Le projet de loi de finances 2022 a été présenté hier en Conseil des ministres. Ce projet de loi est largement en deçà des enjeux auxquels est confronté le système éducatif, épuisé par cinq années de refus du gouvernement de donner au service public d’éducation les moyens de fonctionner correctement et de garantir l’égalité de traitement des élèves sur le territoire.
À tous les niveaux, les moyens manquent cruellement.

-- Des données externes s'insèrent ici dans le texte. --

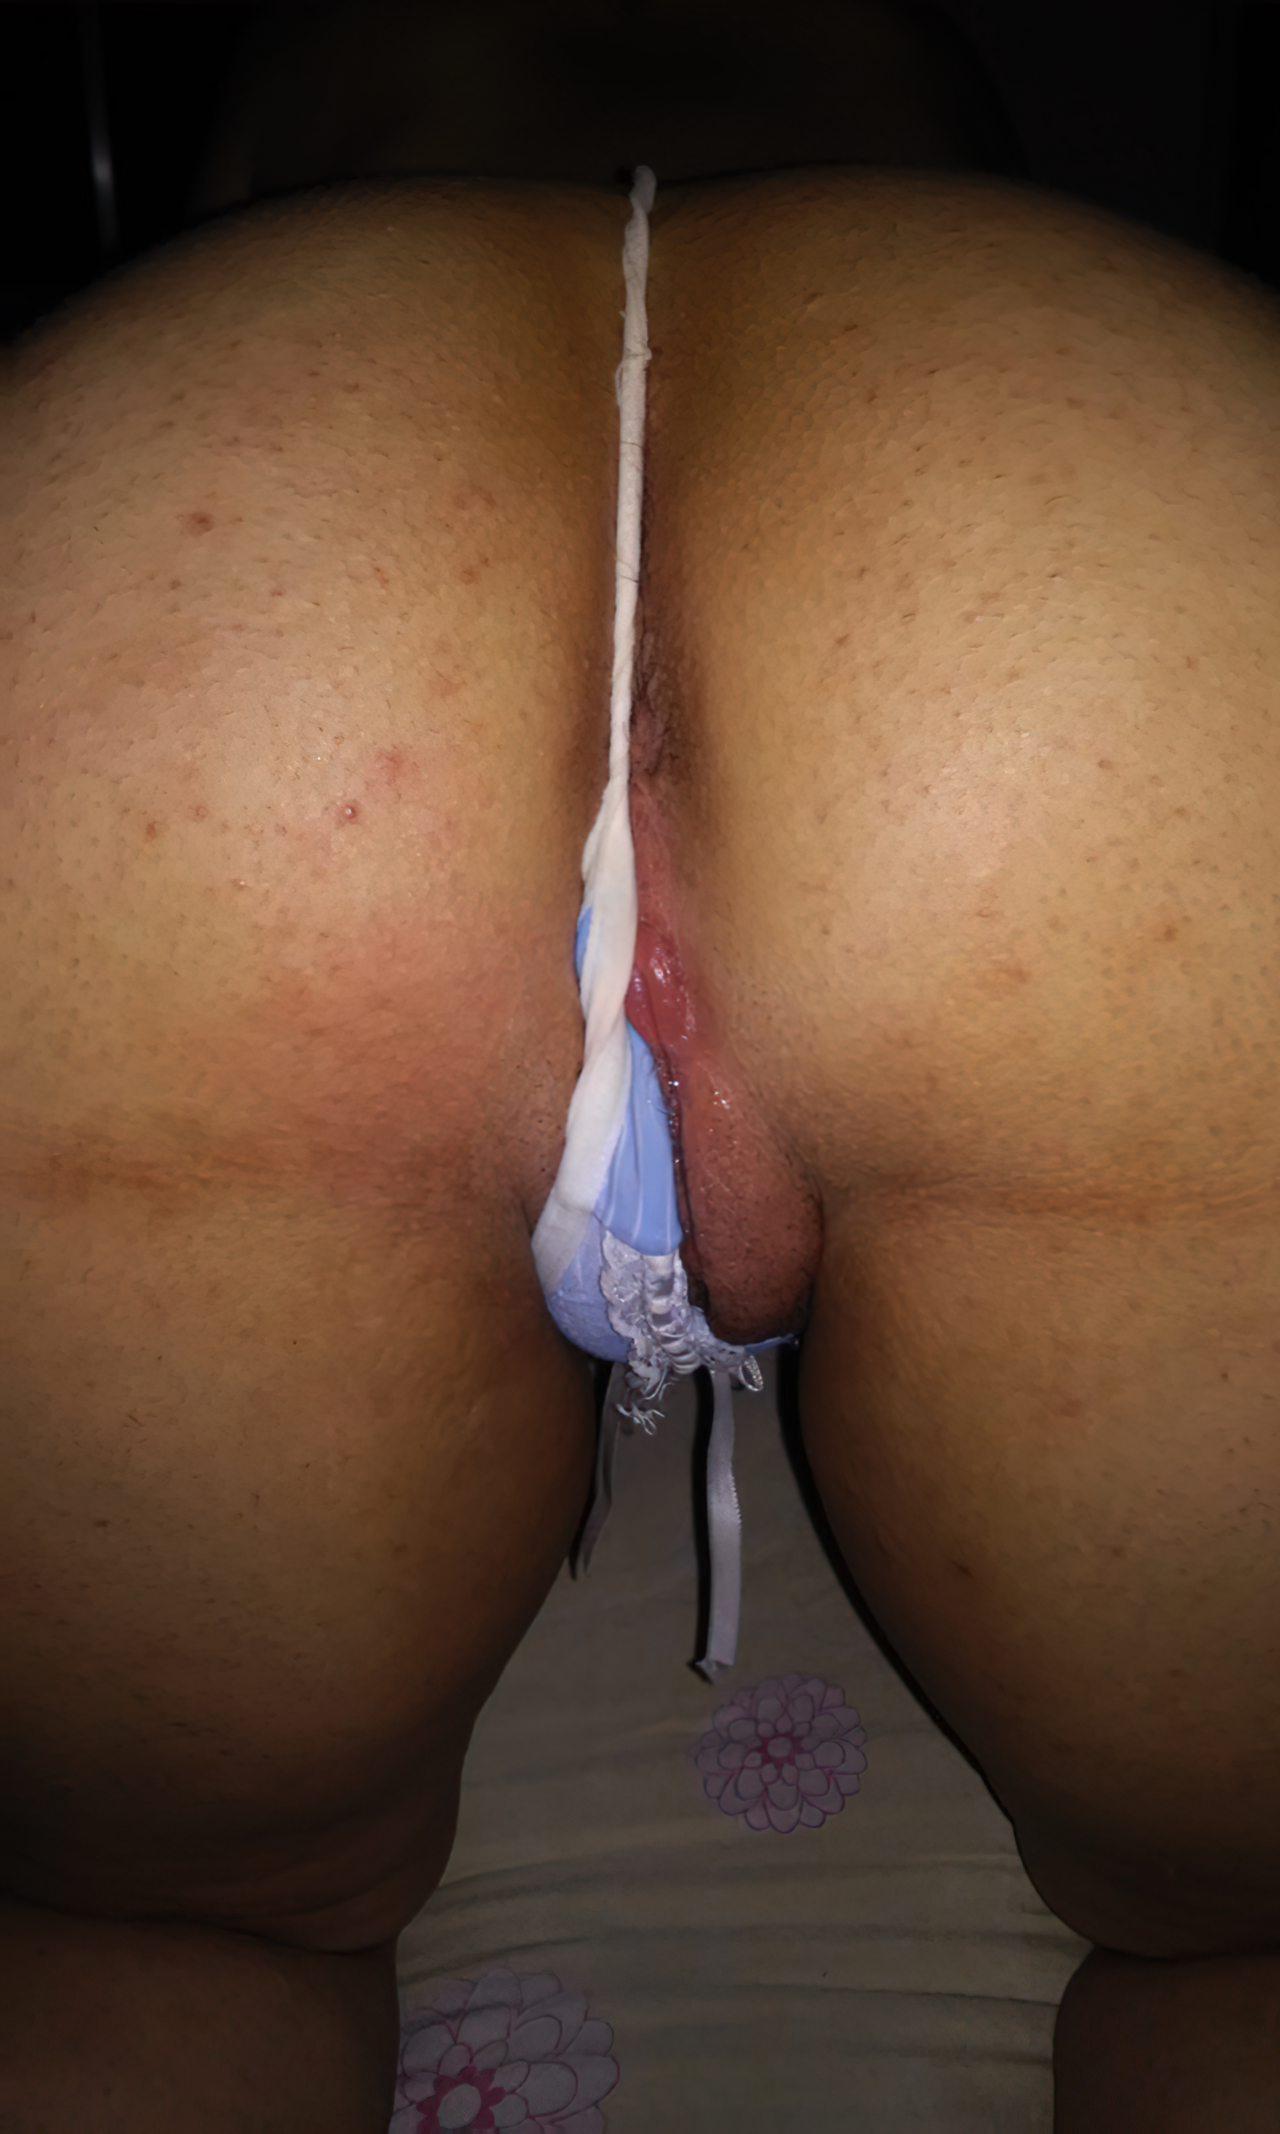 Esposinha Puta (9)

Les personnels médico-sociaux manquent dans de nombreuses circonscriptions et de nombreux établissements. On ne compte ainsi en moyenne qu’un médecin pour 12 000 élèves. Les Pial destinés à mettre en œuvre une vision strictement comptable de l’inclusion scolaire conduisent à limiter fortement les moyens d’accompagnement. Dans le second degré, le budget prévoit la suppression de 300 postes d’enseignant⋅es. Cela porte à 7 800 le nombre de postes supprimés dans le second degré dans un contexte de hausse démographique, en partie détournés au profit de postes d’inspection et d’heures supplémentaires. Les augmentations de salaire sont à la fois dérisoires, comme la grille indiciaire des AESH déjà rendue obsolète suite à l’augmentation du Smic, et limitées à des mesures catégorielles, comme les primes destinées aux personnels enseignants qui ne concernent qu’une partie de la profession.
SUD éducation réclame depuis dix-huit mois un plan d’urgence pour l’éducation, prévoyant des recrutements importants afin de diminuer les effectifs en classe, un accent mis sur la formation continue des personnels, et des moyens matériels permettant une mise à niveau du bâtis scolaire pour faire face aux enjeux sanitaires et climatiques des années à venir. Le budget soumis par le gouvernement n’est à la hauteur d’aucun de ces enjeux.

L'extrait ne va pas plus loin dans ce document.